Exactly the same plan here. Edit: it does bring the requirement of being somewhat more active, though. Eg in my current job we don’t find out if we will get a bonus for 2024 until March 2025, so with this change it seems to me to make sense to almost always postpone 3a contributions by a year to see how it’ll play out (excluding big planned expenses which could be deductible, but you know them beforehand).
However tax optimisation is only one aspect
People need to also account for opportunity cost loss as the first year tax savings wouldn’t be invested for an year
Why wouldn’t they? They would just be invested in other places (e.g. renovation of house). I assume one wouldn’t store the 7k from year 1 on a 0% savings account to be paid into pillar 3a in year 2, but rather take part of the planned 3b investments in year 2 that goes then into 3a.

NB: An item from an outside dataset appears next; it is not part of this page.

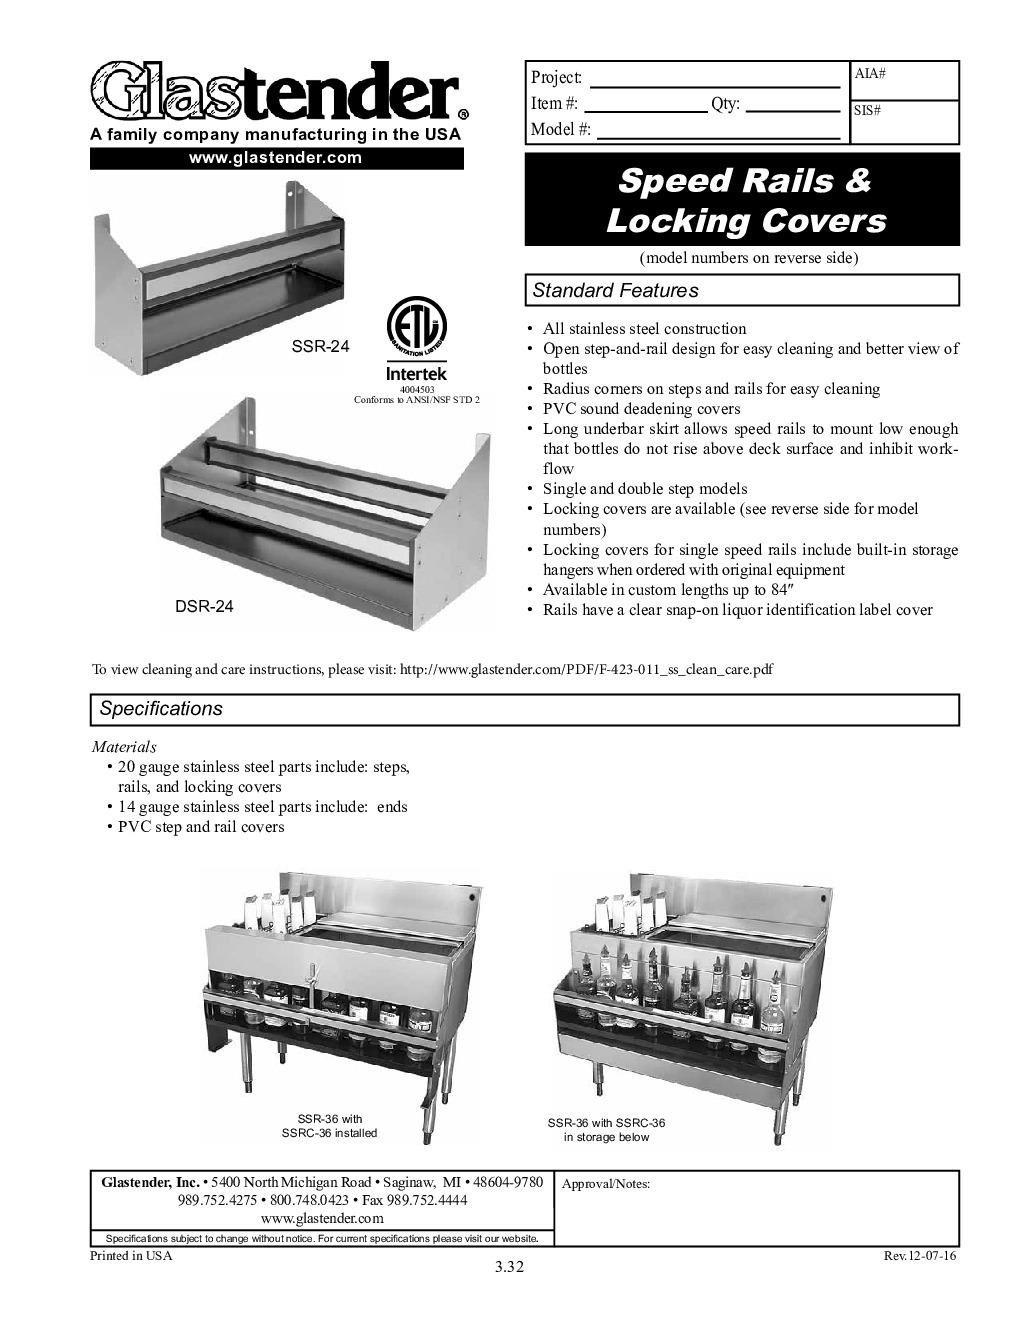 Glastender DSRC-46 Cover Speed Rail / Rack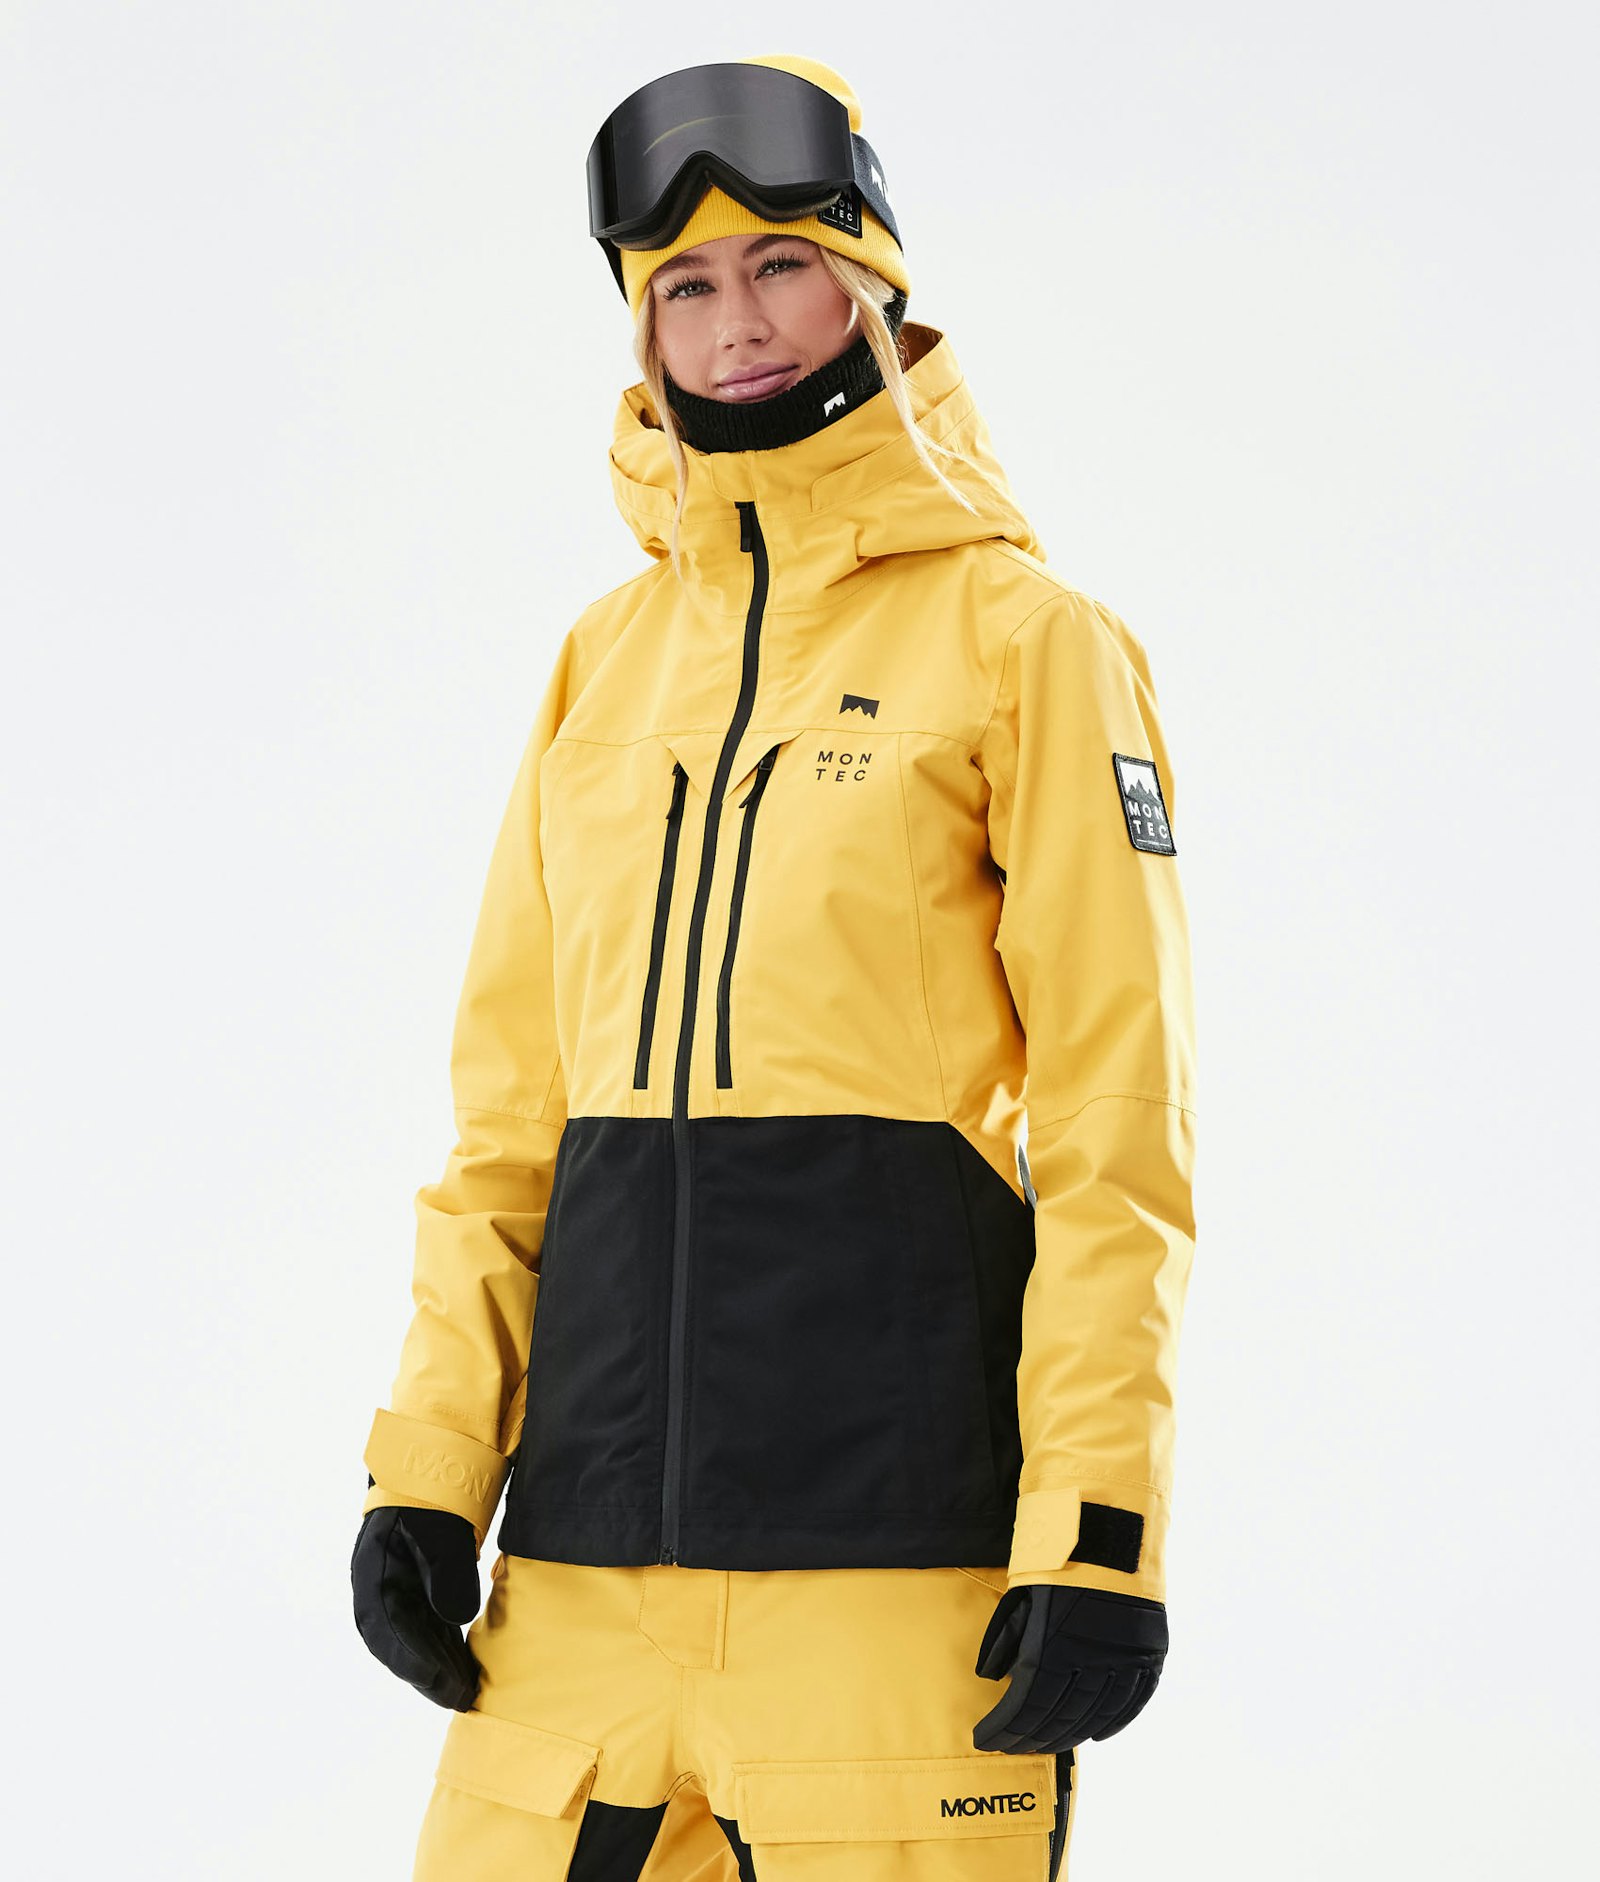 Moss W 2021 スキージャケット レディース Yellow/Black, 画像1 / 12

If you are not investing because the money is simply not there (renovations etc) then it’s a different thing. But I wouldn’t call it tax optimisation. It’s simply a procedure to not lose the tax benefit of 3a due to lower liquidity
And regarding the case that you invest in 3b in 2025 and invest 2X in 3a in 2026. That’s not entirely accurate. Because if you don’t invest in 2025, your taxable income will be higher and you will pay higher tax. That money will not be invested. You will only get that money back in 2026
P.S -: I already bought the 3a for 2026. One less thing to optimise there is already a lot to be obsessed with ( lowest TER, highest interest rates, best 3a provider, best asset allocation)
If you know that your marginal tax rate will be higher in year x+1, then it does make sense to postpone the 3a allocation.
Thereby you save more taxes in year x+1 than you would have saved in year x.
Imagine this:
You have 50k to spare in year x. You need to renovate for 40k. Now you could still pay in 3a but the tax savings will be less than in year x+1 because you already lowered your marginal tax rate with renovations (or pillar 2 buy ins etc).
I don’t have plans to do it myself right now, just stating that it definitely can be beneficial.
I see the 3rd pillar as a safer investment than the 2nd, as less regulated (not subject to conversion rate, only capital option, etc.), so I would tend to disagree with them.
Also to be noted they have an incentive to convince you to pay as early as possible into your 3rd pillar.
Correct. And the tax deduction applies to the year you make the actual payment, not the year you backfill. So a payment made in 2026 for a gap in 2025 applies to the 2026 tax declaration.
Also you most likely have to have been a resident that year. A newcomer in 2026 cannot pay back for 2025.
Not sure how it applies for Swiss that move abroad for just one year though.
I’m not sure about the status of residence. But one needs to have an income subject to AHV contributions in the year of filling the 3a gap (from 2025 and forward).
IMO all are pretty reasonable.
Indeed, this year only for someone that didn’t manage to fill in to the max for 2025 (*),
but going forward there would be more and more people eligible.
(* e.g. self-employed after the fact of getting the true net income for the year - based on which that year’s allowable amount is set)
This has nothing to do with left or right. Everything has limits somewhere. We could also abolish the limits for 3a, but then we’d just have a tax hole. That probably isn’t in your best interest either.